Evaluate data compression for scientific data

Compression comparison
Horizontal contour plot of DJF (December–January-February) means for surface pressure (PS) from 2006 to 2099 for ensemble member 31 from the CESM Large Ensemble Community Project. The data in the top subplot have undergone lossy compression (i.e., 31-C) and the bottom subplot contains the original data.

Earth System Model (ESM) simulations generate large data volumes, and retaining the data from these simulations often strains institutional storage resources and budgets. In fact, high-resolution simulations are increasingly constrained by the amount of data that they generate rather than by computational resources. For example, limited storage capacity and I/O bandwidth negatively impact science objectives by forcing reductions in data output frequency, model resolution, simulation length, or ensemble size. CISL is exploring various ways to mitigate climate simulation data volumes, including the use of data compression techniques on data from the CESM.

Lossy data compression has the potential to significantly reduce data volumes at NCAR. Unlike lossless compression, lossy compression fails to exactly reproduce the original data, but it is capable of far greater data reduction than lossless techniques when applied to floating-point data. CISL researchers have studied the impact of lossy data compression on a variety of ESM data sets, including publicly available climate data by collaborating with climate scientists and requesting their feedback. This study showed that while detecting compression effects in features important to climate scientist is possible, these differences are often unimportant or disappear in post-processing analyses. This study was conducted using one specific compression method, but many types of lossy compression techniques are available with different strengths and weakness, and determining the optimal lossy compression methods for a wide variety of geoscience data is critical. The ultimate goal of this work is to be able to apply lossy compression to CESM data in a manner that both maximizes data reduction and preserves the scientific value of the data.

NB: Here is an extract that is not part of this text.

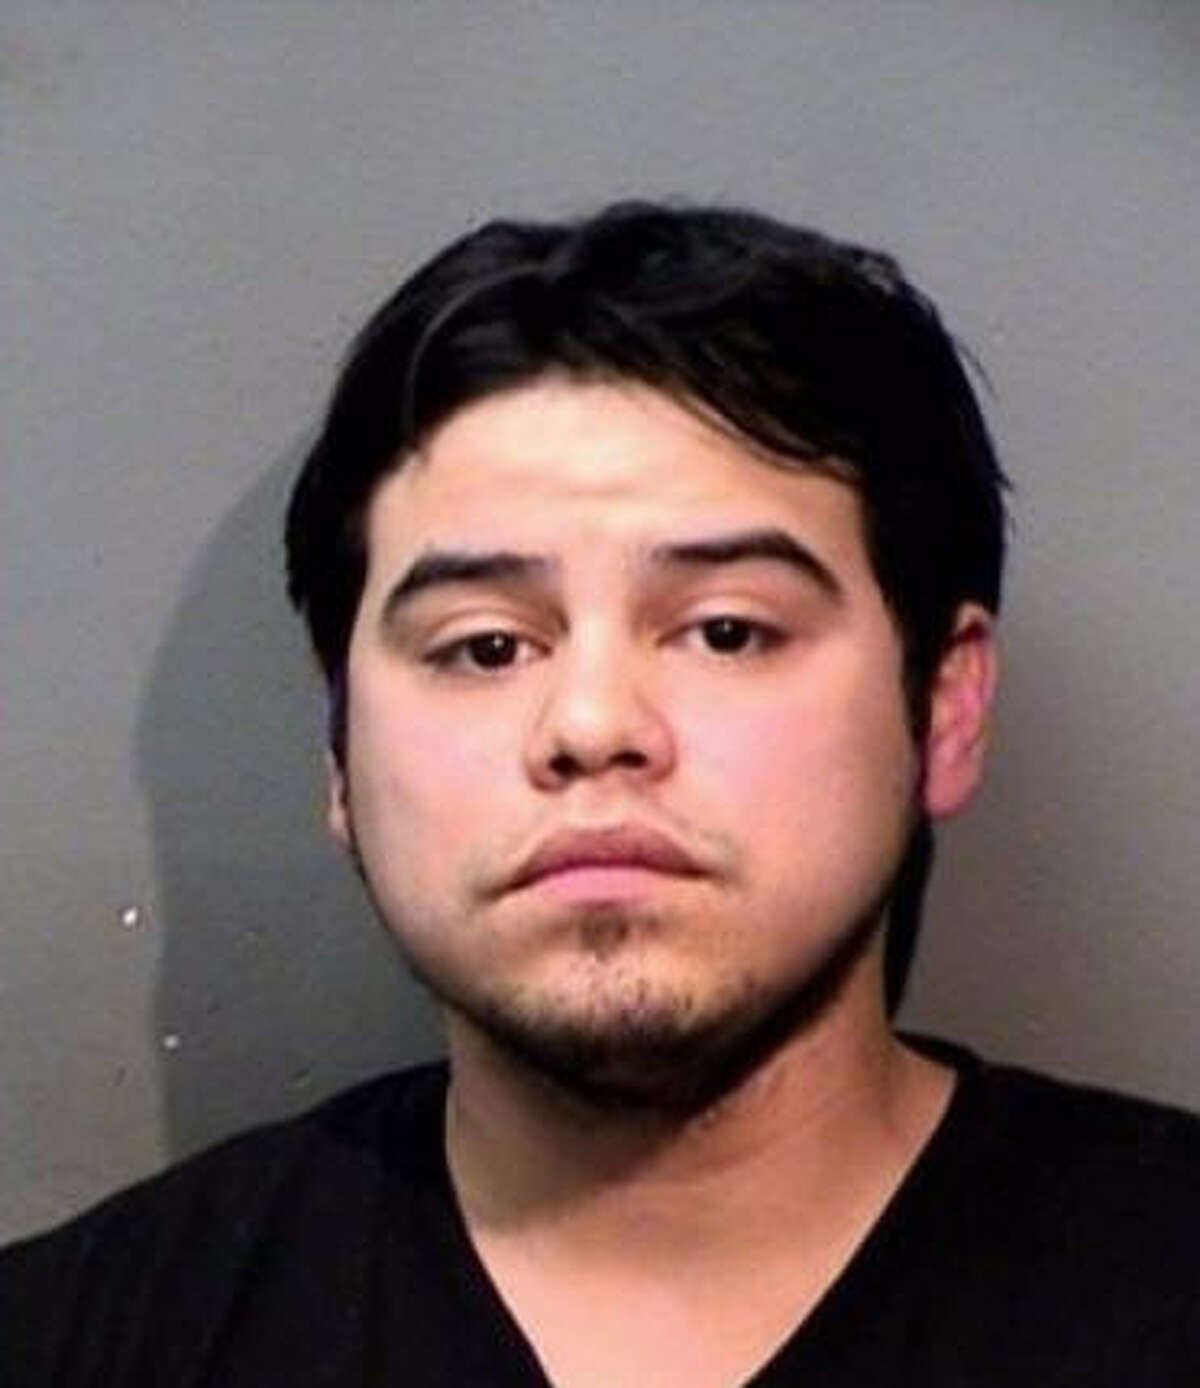 Justin Ryan Rubio, 30, has been sentenced to one year in jail after he left his dog to die of starvation in his apartment. Swipe through to see other animal abuse crimes that made the news.

To facilitate this task, an automated tool will be developed to determine the best compression method by variable, and to verify that it does indeed meet all quality metrics, so we can ultimately integrate lossy compression into the automated CESM workflow.

This data reduction effort is aimed at ensuring that NCAR’s substantial investments in HPC resources produce significant returns. The work directly supports CISL’s strategic plans in advanced applied computational science research calling for “pursuing novel, aggressive data compression techniques that have the potential to substantially reduce the storage and bandwidth needed for numerical experiments.” The work also aligns well with strategic plan goals for providing the NCAR user community with Big Data services aimed at analyzing a variety of data sets, including goals in the area of advancing data-centric research by exploring and developing visualization approaches that can handle the very large volumes of data that are increasingly common in the geosciences.

In FY2017 CISL researchers continued to carefully evaluate different types of lossy compression approaches on CESM data. Because care must be taken to ensure that science results are not impacted, choosing appropriate lossy compression algorithms and parameters is not trivial given the diversity of data produced by CESM. In particular, an understanding of both the attributes of the data and the properties of the chosen compression methods are needed. A paper by Baker et al., that discusses the properties of two distinct approaches for lossy compression (transform and predictive) in the context of CESM and that demonstrates the different strengths of each was accepted to the the first International Workshop on Data Reduction for Big Scientific Data (and will appear in the Lecture Notes in Computer Science series). This work motivates the development of an automated multi-method approach for compression of climate model output. In particular, we are actively working on techniques to predict compression method and level based on measurable CESM variable features, and we plan to submit a paper on that research in early FY2018.

Our previous work in providing climate scientists with direct experience with climate data that has undergone lossy compression was a successful step toward compression being incorporated into the CESM workflow. In fact, data should be initially written to disk in compressed form, either losslessly or lossily. To this end, collaborative efforts began this year to make more compression algorithms (lossy, in particular) accessible, e.g., via NetCDF filters, so that reading and writing compressed data is easier. Many hurdles exist, such as writing in parallel with compression, but collaborations with Unidata and CISL’s pyNIO developers are important steps forward.

CISL researchers also secured a third year of funding from an NSF SI2 grant that was used to enhance NCAR Command Language (NCL) support for reading and writing WASP data files. WASP is a lightweight wrapper around the NetCDF API that defines a protocol for storing lossy data in NetCDF files. The NCL extensions are aimed at facilitating the inclusion of data compression in existing workflows. In FY2018 we will work with NCAR domain scientists to evaluate the new capability.

CISL researchers also implemented and evaluated performance of wavelet-based compression on GPUs. The work led to a publication by Li et al.

CISL’s scientific data compression research is supported by NSF Core funds. Work on NCL and the WASP API was funded via a subaward from the University of California at San Diego, NSF grant 54067252.